Suppose a solution is prepared by dissolving 15.0g NaOH in 0.150 L of 0.250 M nitric acid. What is the final concentration of OH- ions in the solution after the reaction has gone to completion. Assume that there is no volume change when adding the grams of NaOH.

Answer 1

The reaction is:
NaOH (aq) + HNO3 (aq) ? NaNO3 (aq) + H2O
The molecular mass of NaOH is 40 g/mole so:
(15 g) / (40 g/mol) = 0.375 moles of NaOH
are dissolved. Since the volume of the solution is 0.150 L (150 mL) then the initial and final concentration of Na+ is:
(0.375 moles) / (0.150 L) = 2.50 mol/L (M)
because Na+ is a "spectator ion" of the reaction.
The initial number of moles of nitric acid is:
(0.150 L) (0.250 M) = 0.0375 moles.
Since there is a 1:1 stoichiometry of all reactants and products in the reaction, then OH- is present in excess, and all the nitric acid will react.
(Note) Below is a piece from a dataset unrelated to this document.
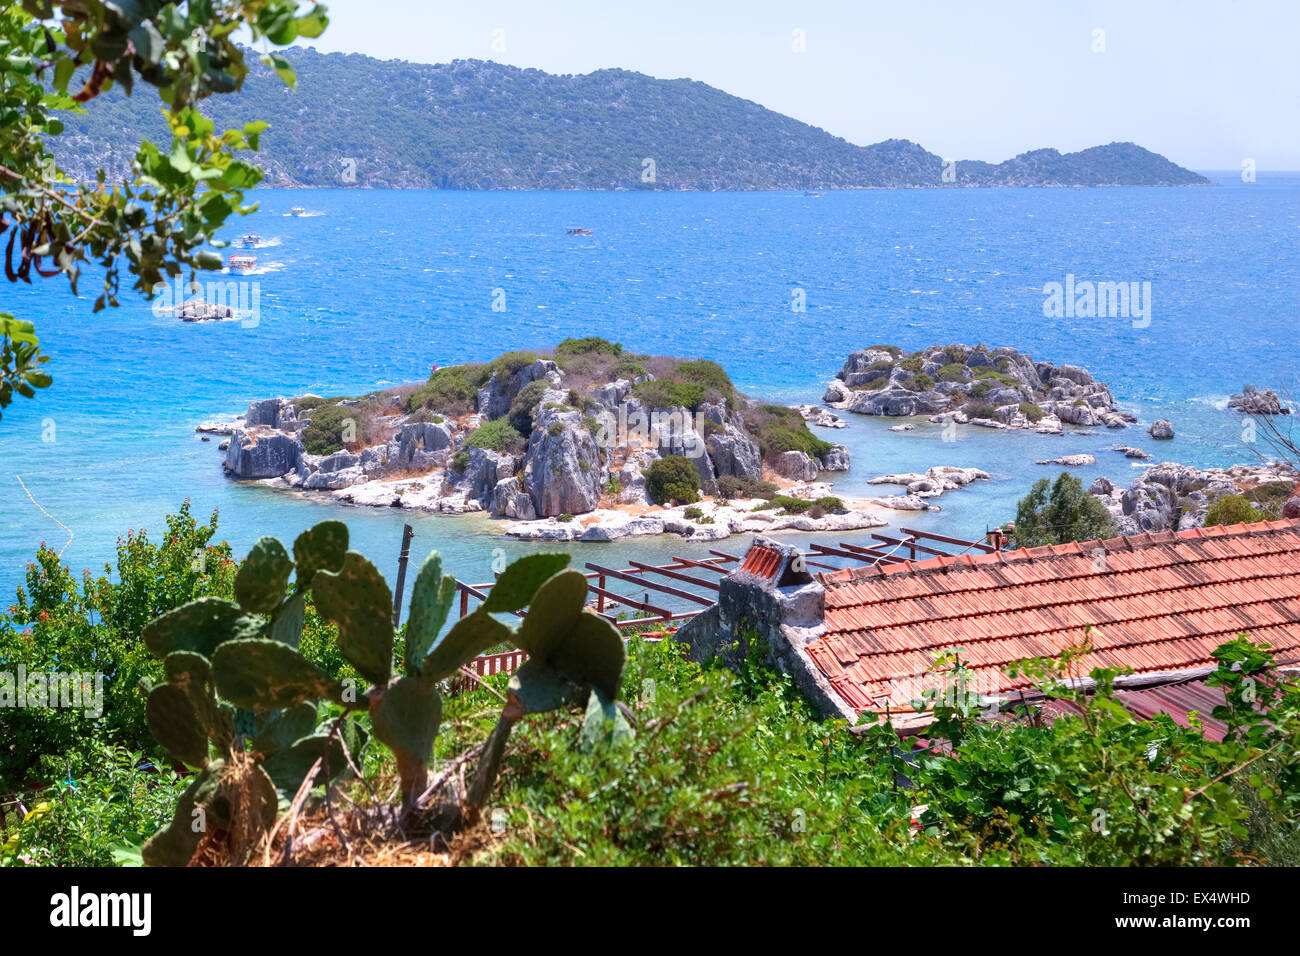 Kekova archipelago, Antalya, Turkey Stock Photo
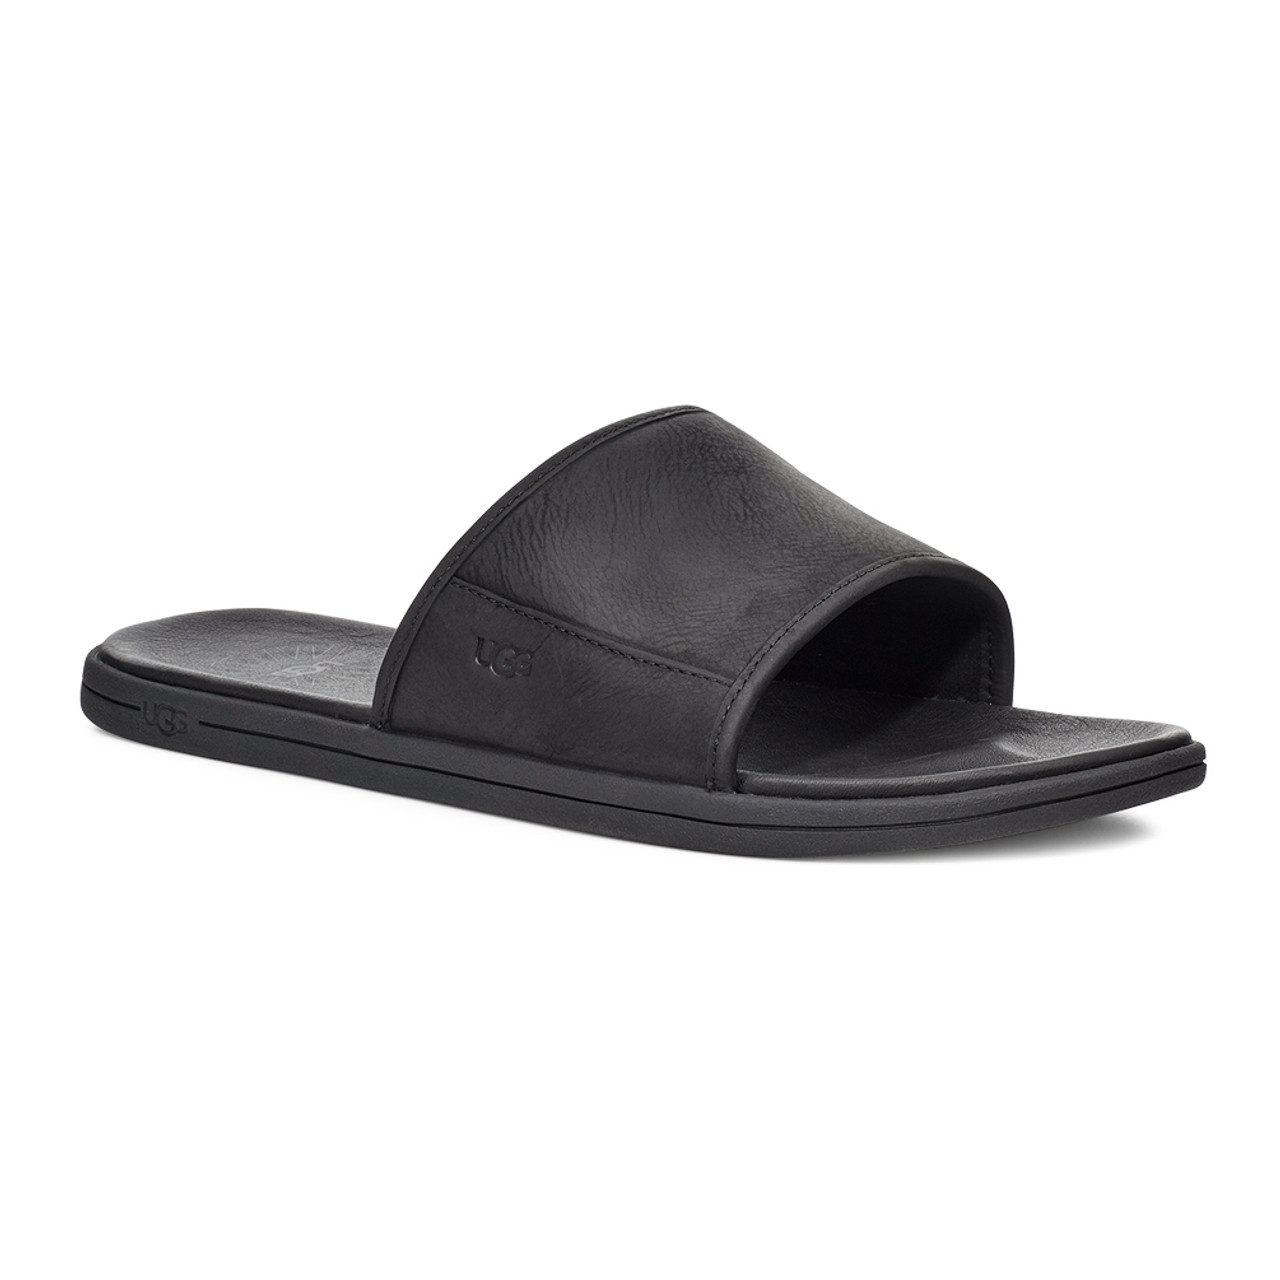 UGG Men's Seaside Slide - Black | Discount UGG Mens Sandals & More -  Shoolu.com | Shoolu.com

Therefore the final concentration of nitrate ion will equal the initial concentration of nitric acid; NO3- = 0.250 M.
Finally, there will be 0.375 moles - 0.0375 moles = 0.3375 moles of OH- left over from the reaction, also because of the 1:1 stoichiometry of the reagents. The final concentration of OH- is then:
(0.3375 moles) / (0.150 L) = 2.25 M OH-.
The resultant solution is basic (alkaline).